▶ [Data below]

=== Section Start ===

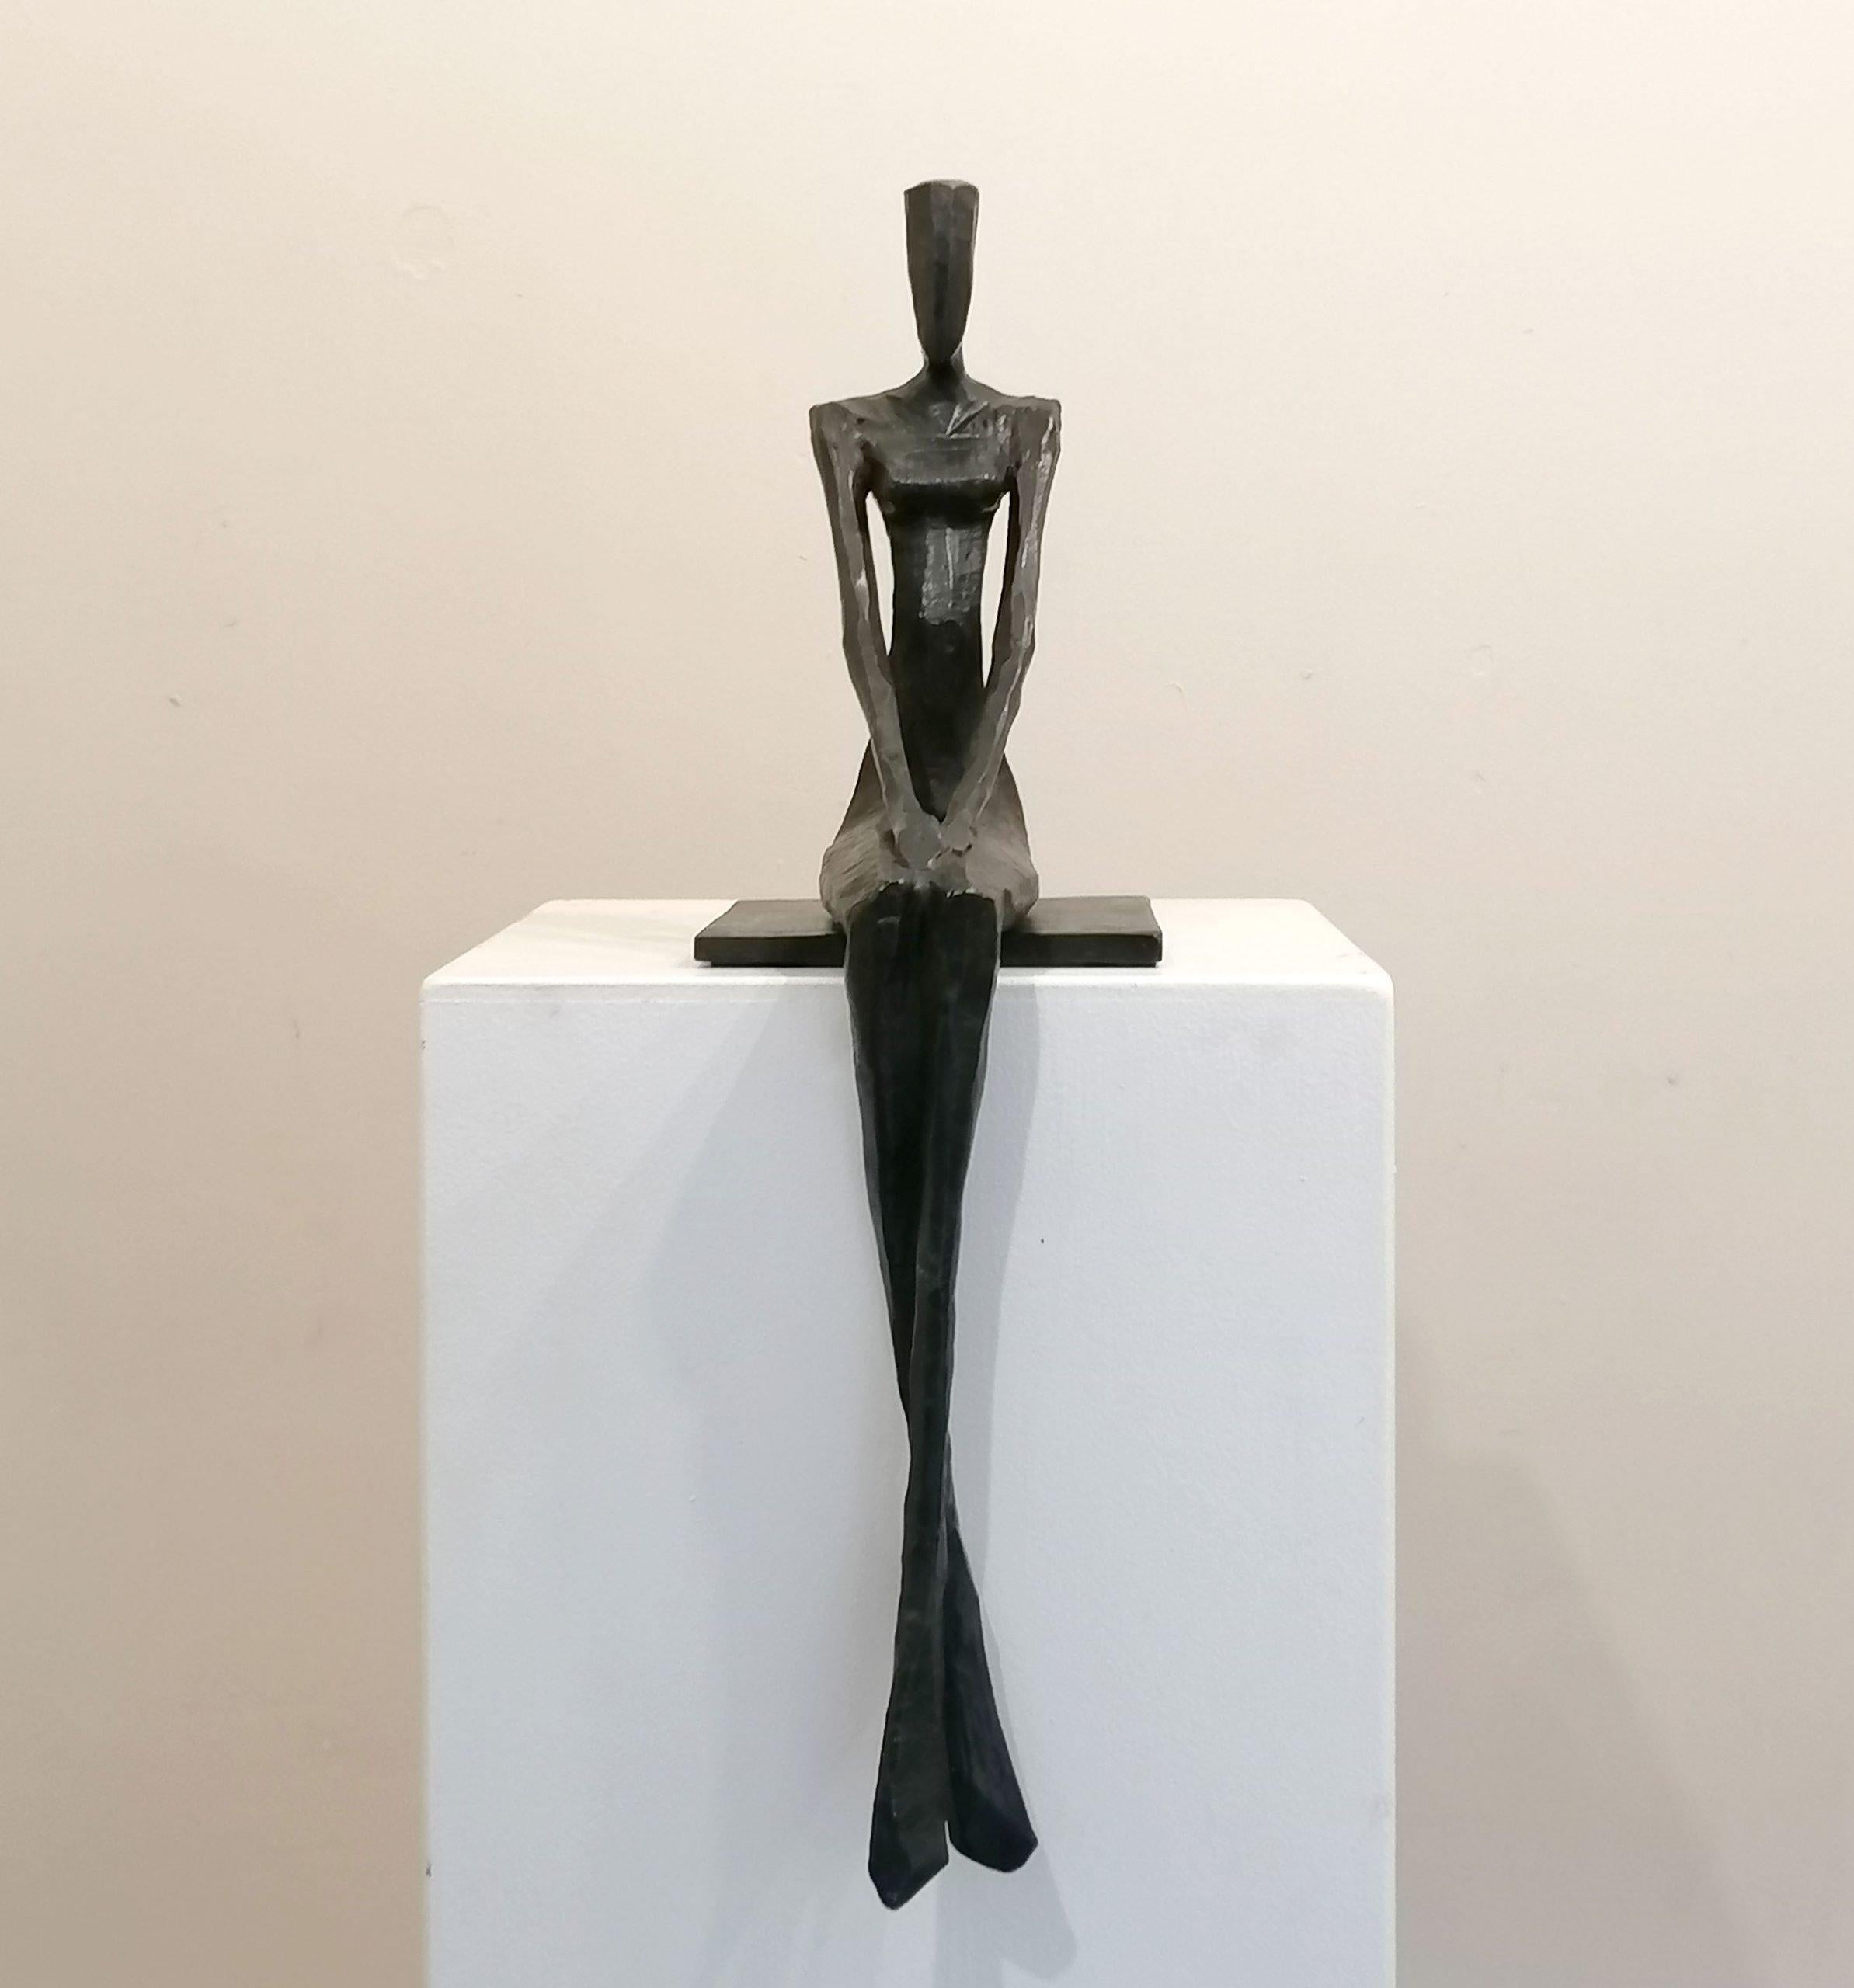 Dorothea ist eine elegante figurative Bronzeskulptur von Nando Kallweit.
Eine langgestreckte, anmutig sitzende weibliche Form.
Der stilisierte, ägyptisch angehauchte Kopf verweist auf die Bedeutung des kulturellen Erbes, ist aber modernen

=== Section End ===

▶ [Exercise brief] Transcribe all data precisely. Pictures are not copied.

▶ [Solution for this task]
 Dorothea ist eine elegante figurative Bronzeskulptur von Nando Kallweit.
Eine langgestreckte, anmutig sitzende weibliche Form.
Der stilisierte, ägyptisch angehauchte Kopf verweist auf die Bedeutung des kulturellen Erbes, ist aber modernen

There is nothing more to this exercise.